En tan epidérmica versión de la «Sinfonía Leningrado» -¡al paso que vamos cualquier día empezaran a llamarla «Sinfonía San Petersburgo»!- se sintió con certitud que todo estaba cogido con alfileres, y que más que el frágil y tembloroso mondadientes que utiliza Guérguiev a guisa de batuta, la situación se salvó -como tantas otras veces- por la atención, profesionalidad y veteranía de unos músicos que son capaces de salvar todo, y de un maestro más que ducho en estos rentables conciertos en los que apenas hay tiempo para dar dos o tres pinceladas para salir del paso y si no te he visto no me acuerdo. ¡Qué diferencia de las sobrecogedoras visiones de artistas como Sergiu Celibidache, Yevguéni Mravinski, Mariss Jansons o Yuri Temirkánov!, cuyas versiones emocionantes sitúan al espectador en el mismo asedio de San Petersburgo, y en las que sí se siente el «Guernica» de Shostakóvich como el «símbolo sinfónico de la lucha contra el nazismo» del que tan lucidamente escribe Manuel Muñoz en las notas al programa. Nada de ello existió en esta versión de trámite y espectáculo.

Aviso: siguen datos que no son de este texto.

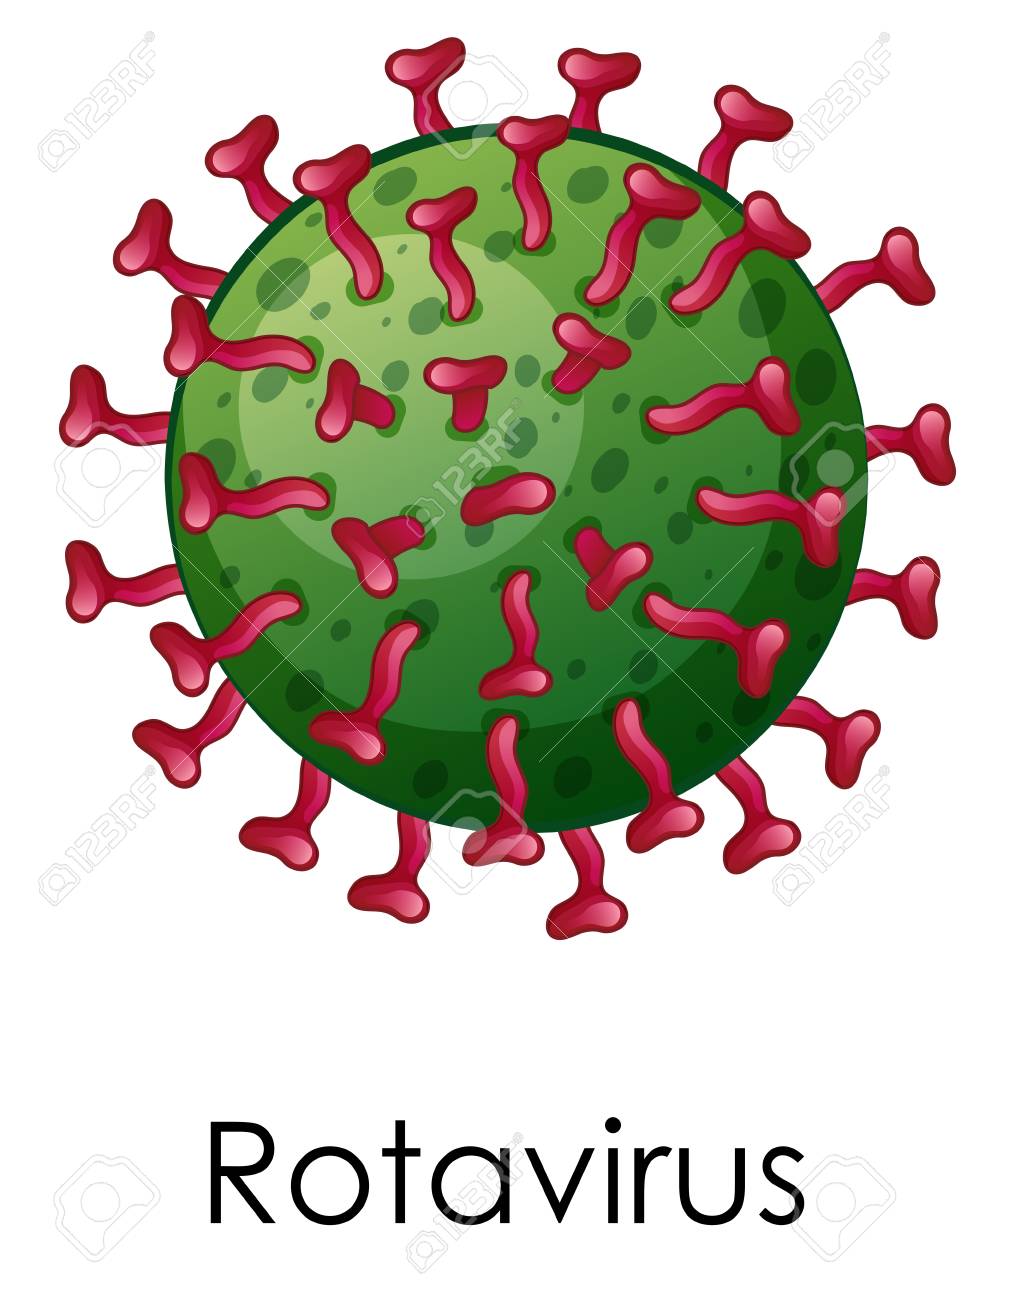 vaccine clipart rotavirus

Muchísimo más interés deparó la primera parte del programa, que fue, a la postre, lo mejor de la velada, gracias a la excepcional participación solista de un inmenso Nelson Freire (1944), que a sus 73 años protagonizó una virtuosa y arrolladora versión del «Segundo concierto para piano» de Brahms. Asombra ver la agilidad y vitalidad al teclado del veterano artista brasileño. Tras su caminar ya pesante y torpón, ante el piano se convierte en un raudo y vigoroso chaval que parece que acaba de ganar el Premio Chaikovski. Brindó una versión de calado, a pesar de un pianismo ligero, sobrado y de una fluidez que parecía contravenir las densidades e intensidades armónicas y estéticas del ciclópeo concierto. El sonido inmenso, la perfección técnica y la autoridad pianística de la versión remiten al artista de primera que siempre ha sido Freire. Disciplinadamente secundado por Guérguiev y una orquesta del Marinski en la que brillaron el trompa solista y el violonchelista en su famoso solo del tercer movimiento. El público aún pudo disfrutar fuera de programa del arte auténtico de Nelson Freire con uno de sus bises favoritos: la adaptación pianística que realizó Giovanni Sgambati de un pasaje de la ópera Orfeo y Eurídice de Gluck.